Magnesium is higher on the reactivity list than even aluminum. All the other base metals in solution would cement. Very effective but a dirty choice.

I expect your Rh solution was reasonably clean to start with.


----------



## arthur kierski (May 8, 2011)

yes,you are right.-------the rh solutions did not have base metals----
thanks, 
Arthur


----------



## macfixer01 (May 25, 2011)

qst42know said:


> Magnesium is higher on the reactivity list than even aluminum. All the other base metals in solution would cement. Very effective but a dirty choice.
> 
> I expect your Rh solution was reasonably clean to start with.

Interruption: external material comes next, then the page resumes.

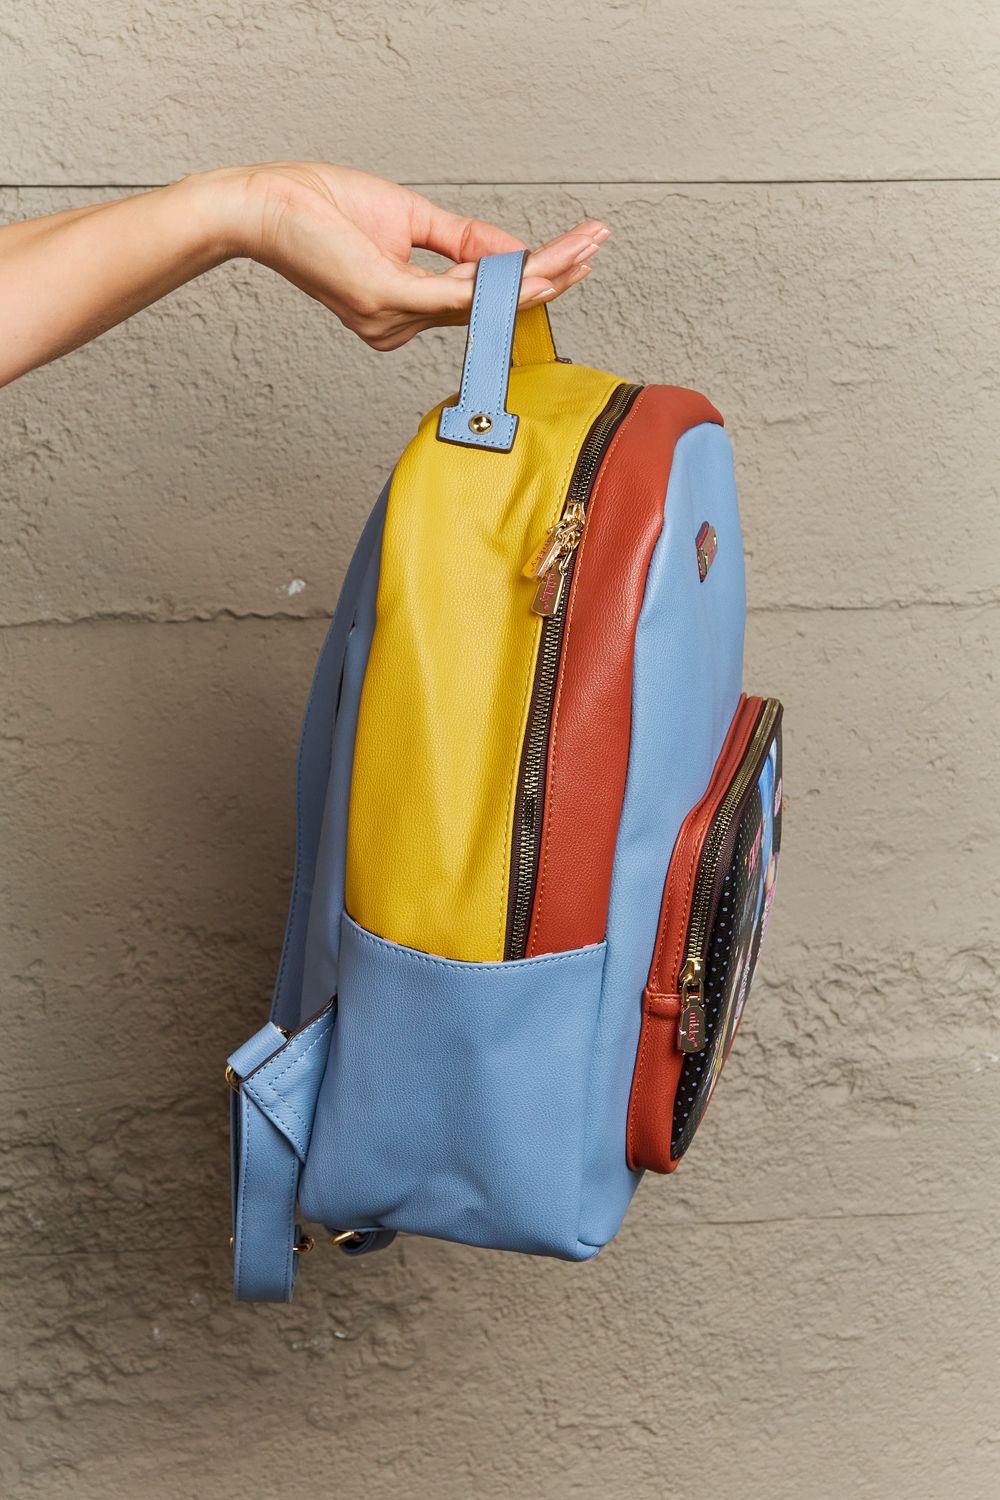 Adorable Fashion Backpacks

Hmmm interesting. Even more so since I still have a 110 pound drum of finely powdered magnesium I don't know what to do with. I used to sell a few chemicals to fellow fireworks enthusiasts, but they were much more interested in magnalium not magnesium.


----------



## Irons (May 25, 2011)

I wouldn't put Magnesium powder in a strongly acidic solution. The reaction would be quite violent.


----------